The Accidents of History

In a FB discussion of yesterday's post I mentioned something that I called an "accident of history." I identify three scholars in the last-third of the 20th century who had been particularly diligent in matters related to basic history. One, J.A.T. Robinson, produced the most extensive, synthetic, study of the dates of the New Testament since Harnack's work seventy years earlier. A second, Colin J. Hemer, was actively engaged in critically updating the work of William Ramsay c. 1890-1910, who perhaps more than any other scholar in the history of NT studies worked to integrate the findings of archaeology into the history of the NT era (and, as a side-note, his understanding of Paul's theology was in many ways well ahead of its time). A third, Ben F. Meyer, recognized that other disciplines had not stopped thinking about how to do basic history when we turned to other pursuits a century ago, and that as such, if our basic histories were to be adequately updated, so too must our thinking about how to do basic history.

Unfortunately, all three of these men passed away relatively young, all from cancer. Robinson died at 64. He left an uncompleted monograph, The Priority of John, which expanded upon his arguments on the date of John's Gospel that he had earlier developed in Redating the New Testament (Robinson had been for the bulk of his career focused upon Johannine studies and contemporary theology--his 1963 work, Honest to God, was one of the most influential works of Christian theology produced in the 1960s--and it was doubts about the date of John's Gospel that led him to undertake full-scale reevaluation of the dates of the entire NT corpus). Hemer died at 57. He too left an uncompleted monograph, The Book of Acts in the Setting of Hellenistic History. Fortunately, both Priority of John and The Book of Acts in the Setting of Hellenistic History were close enough to complete that colleagues were able to bring them into a publishable state. But, as Conrad Gempf says in his foreword to The Book of Acts: Hemer's premature death "seemed especially sad in that he had spent years reading, learning, accumulating knowledge, and was just at the point of beginning to burst out with monograph after monograph applying this wealth of learning." Had these scholars had another decade or two or three to continue writing, what further might they have contributed to a reinvigorated basic history?
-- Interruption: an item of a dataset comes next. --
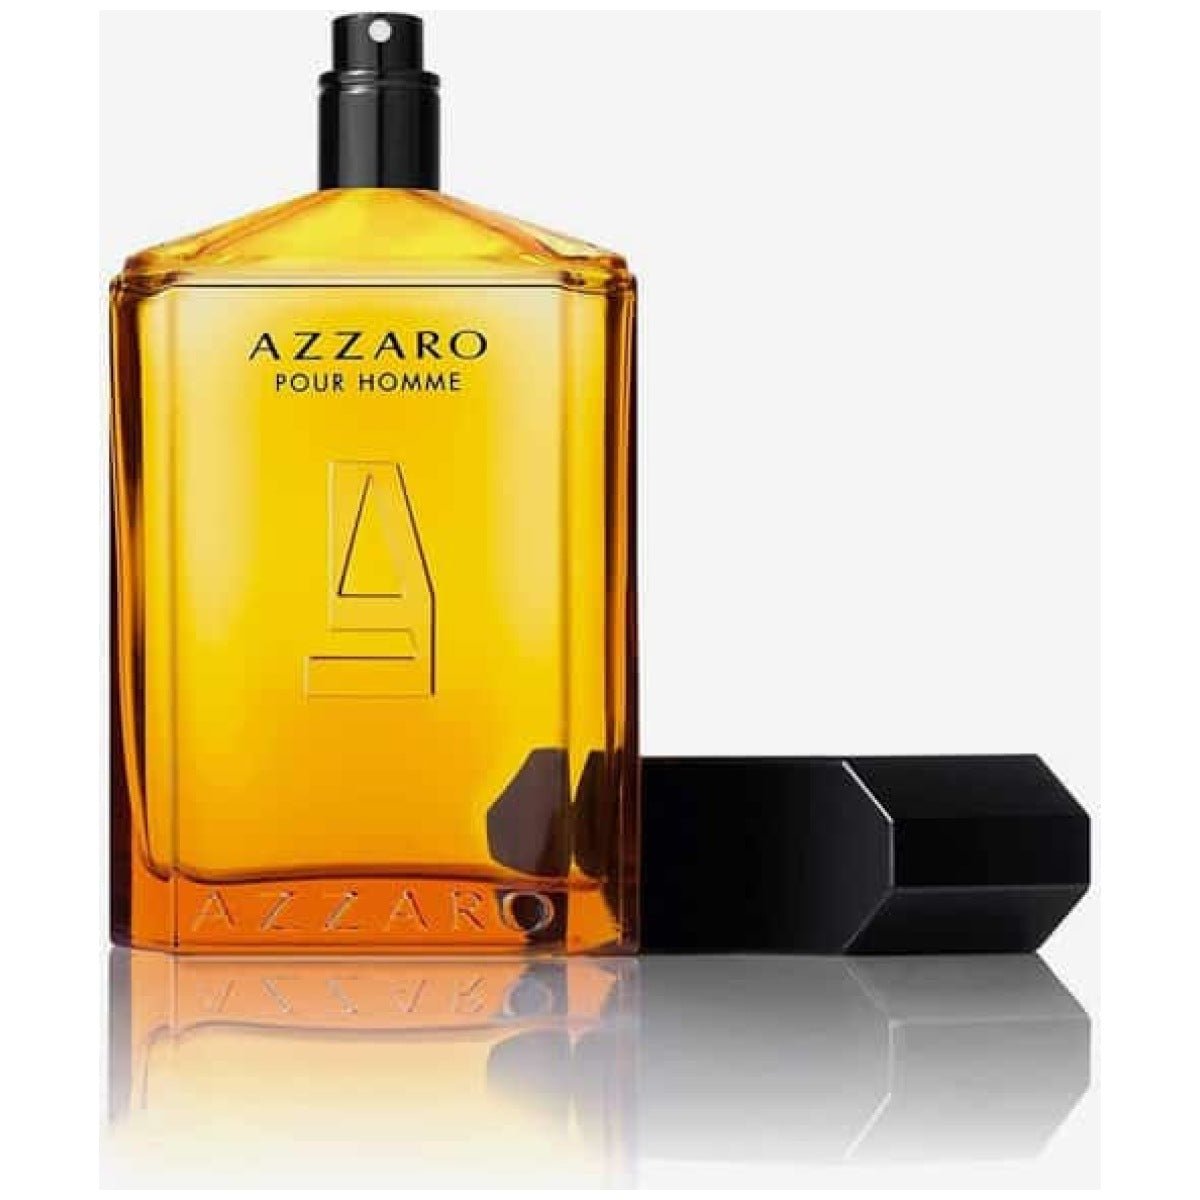 Azzaro Pour Homme EDT Hair & Body Shampoo Travel Set | My Perfume Shop Australia

Meyer was able to contribute greater quantity of his specific contributions to basic history than either Robinson or Hemer: Robinson did not turn to such issues until relatively late in his abbreviated life, and Hemer died so much younger than the other two men that his contributions were cut short that much sooner. That said, Meyer did not produce as great a quantity of basic history as either of the other two, because his interests were really philosophical. Collingwood distinguishes between doing history and thinking about what it is that we do when we do history, and Meyer more fell into that latter category than either Robinson or Hemer (who were much more interested in just getting on with doing history than in thinking about doing history). Still, Meyer was producing what I consider to be a remarkable basis for doing basic history: one that took into account the "Copernican turn" in historiography identified by Collingwood (namely, the recognition that history is an inferential enterprise carried out on the authority not of data but rather of the historian) and augmented it with a sophisticated theory of the historical and knowing subject derived from Lonergan. His work is indispensable to a reinvigorated basic history, I would argue, because it gets us around the common objections raised in the discipline regarding the possibility of arriving at historical knowledge. Still, even though he lived longer than either Hemer or Robinson, he was also sick for a much longer time. Hemer and Robinson both suffered from relatively short illness, whereas Meyer was dying for a decade. Certainly his output during that decade was less than it might have been had he not been so ill, but we do probably have more of what he might have written than we do of certainly Hemer and probably Robinson.

Statistically, the likelihood that each of these scholars would find their scholarly careers cut short by cancer was quite low. But it happened, and not only is it a human tragedy (as illness always is) but it was also a great loss to NT scholarship, especially for those of us most interested in basic history. It is an accident of history, the sort that in fact emphasizes the important of basic history. No social history or cultural history or doctrinal history, no law-like speculative philosophy of history, could apprehend this accident. It is something that we can know only when we ask who did what when and where.